What if everything you thought you knew about Brian Wilson was wrong? What if he wasn't just a bubble-gum pop star who spiraled into crippling depression but a musical genius who, in addition to recording the long-delayed Smile, has a wealth of other tracks just waiting for an audience? The revelations in Brian Chidester's cover story last week, "The Secret Brian Wilson Bedroom Tapes," excited longtime fans and more casual listeners alike.

Dbpcservice writes, "Fantastic article."

Sean Broderick agrees: "I enjoyed reading this well-written article. As a person who very much appreciates music, I love to learn new information about truly great artists, such as Brian Wilson and the Beach Boys. If and when Brian Wilson's Secret Bedroom (Music) gets released, I'll be buying it the first day it's available. When the 2011 Beach Boys Smile album was finally released, it was a thrill to hear the whimsical lyrics and music with all of the Beach Boys participating and singing. One of the big reasons the Beach Boys have been so successful is that they have six excellent lead singers, not just one or two. Thank you!"

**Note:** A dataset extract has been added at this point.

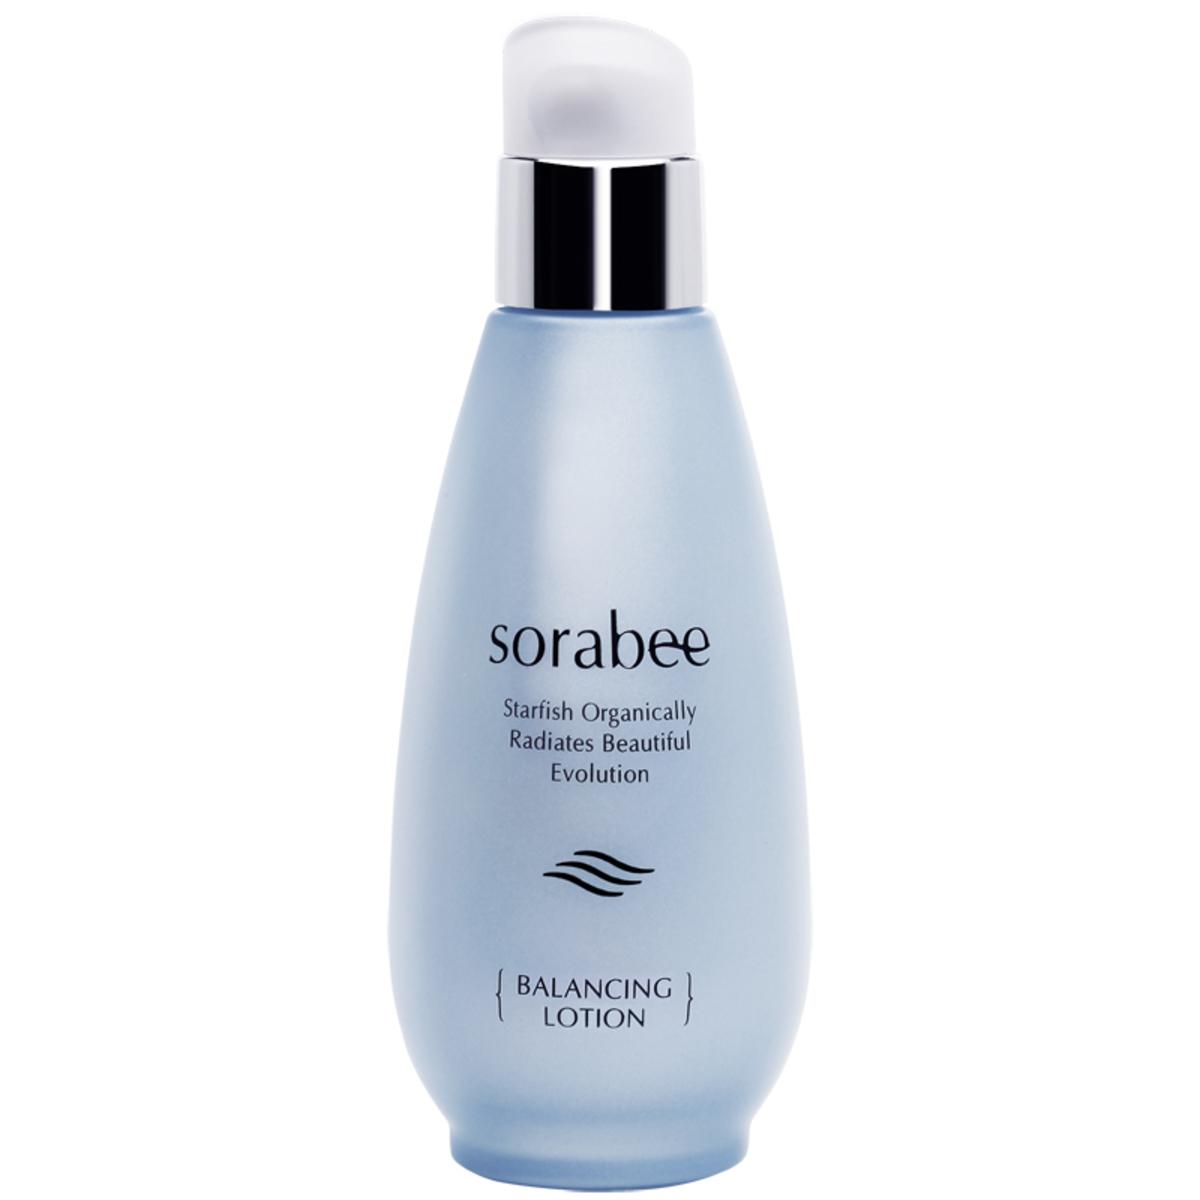 Sorabee Balancing Emulsion 均衡乳液 130ml 藍色

Drmiguel.deleon writes, "Good article, except that the writer alluded twice to Brian Wilson's diminishing songwriting and experimentation, ostensibly ending in the mid-'70s. This, however, doesn't account for his ongoing work as a solo artist — just as there are many demos from that period, so also are there many unreleased songs Wilson has either composed or recorded since the late 1980s. The Beach Boys' reunion album, That's Why God Made the Radio, is a case in point. The story is that most of the music for that album was written and demo'd by Brian back in 1996, and the plan was a Beach Boys album at that time, but that Carl Wilson's losing battle with cancer sidelined the project.

"Would that Brother Records — and Brian himself — would release the demos, or else Brian could complete the recordings and send them out to a world that now appreciates his gift and the journey he's taken."

Finally, Killabagger reminds us of one factor affecting Wilson in the late '60s: "You all have to remember 1964-66 was the heyday of LSD use in L.A. It was legal, and pure, and it was everywhere. Brian and others were eating LSD like Tic-Tacs. As enlightening LSD is, too much makes you mental. I was there as a kid, and saw it big-time in Laurel Canyon."

Let's Go Ride a Bike

Stevie St. John's "First Person" column about giving up her car for a life of bicycling and public transit was a hit with readers ("Yes, I Am Car-Free in L.A.," Jan. 31). Writes Inspector Hound, "A fun, optimistic and informative read. I don't think I could go car-free, but I admire Ms. St. John for doing so."

Lady_blood_vamp666 adds, "Good article. Living car-free is workable; I've been car-free for five years, and I prefer it this way. I had to cringe at the phrase 'sex workers,' though — that euphemism sounds so pretentious!"